2008-04-12, 07:03	#271
KEP Quasi Admin Thing May 2005 966₁₀ Posts	Any of your clever users, who has an idea as to what this means: "Running N+1 test using discriminant 5, base 56532+sqrt(5)", I should add that this happens above k=2100 maybe higher, when performing following command line: "input.txt -f100 -l2.5K.txt -tp" while working on Riesels Base3. So anyone knows what it means, and if unnescescary, how it can be avoided? since it creates a title wave of data... Regards KEP Ps.
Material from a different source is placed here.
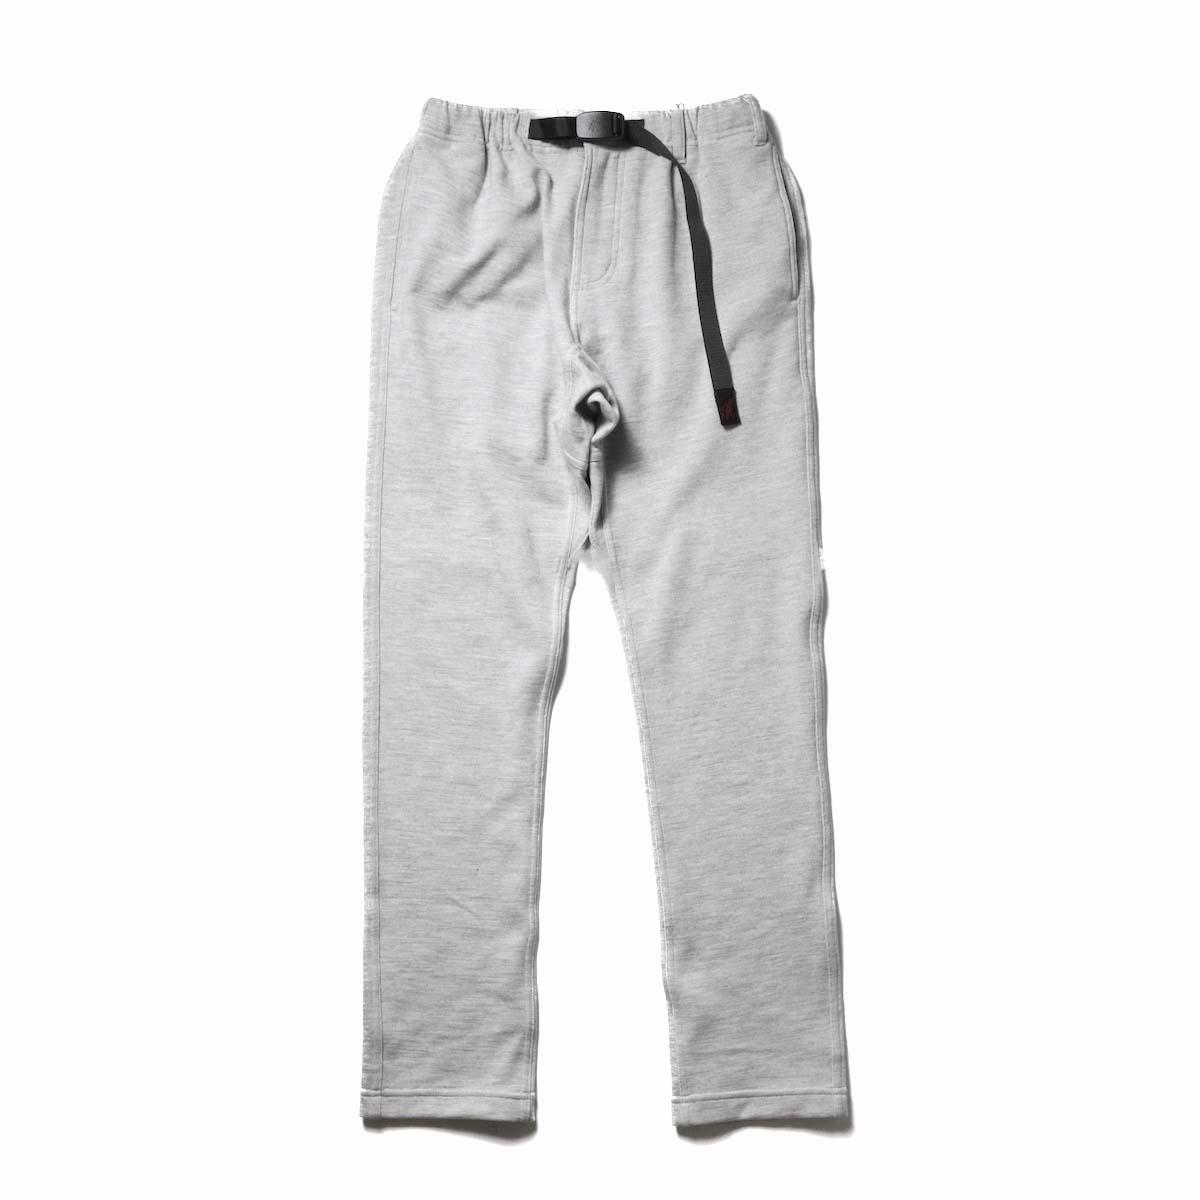 GRAMICCI / COOLMAX NN-PANTS TIGHTFIT (Gray)

Also does anyone knows for how long it will run this kind of test and howcome it just all the sudden at different k and n values switch to this kind of test in stead of just doing a regular test like it starts out to do?

2008-04-14, 11:32	#274
rogue "Mark" Apr 2003 Between here and the 2⁴×397 Posts	All base 28 k (both Sierpinski and Riesel) are tested to n = 50,000. I am continuing these.

2008-04-20, 20:39	#275
KEP Quasi Admin Thing May 2005 1111000110₂ Posts	I will start up sieving k=404 for Base 12 with n=100K to n=500K. ETA is not availeable yet, since I'm just about to start the sieving :) KEP!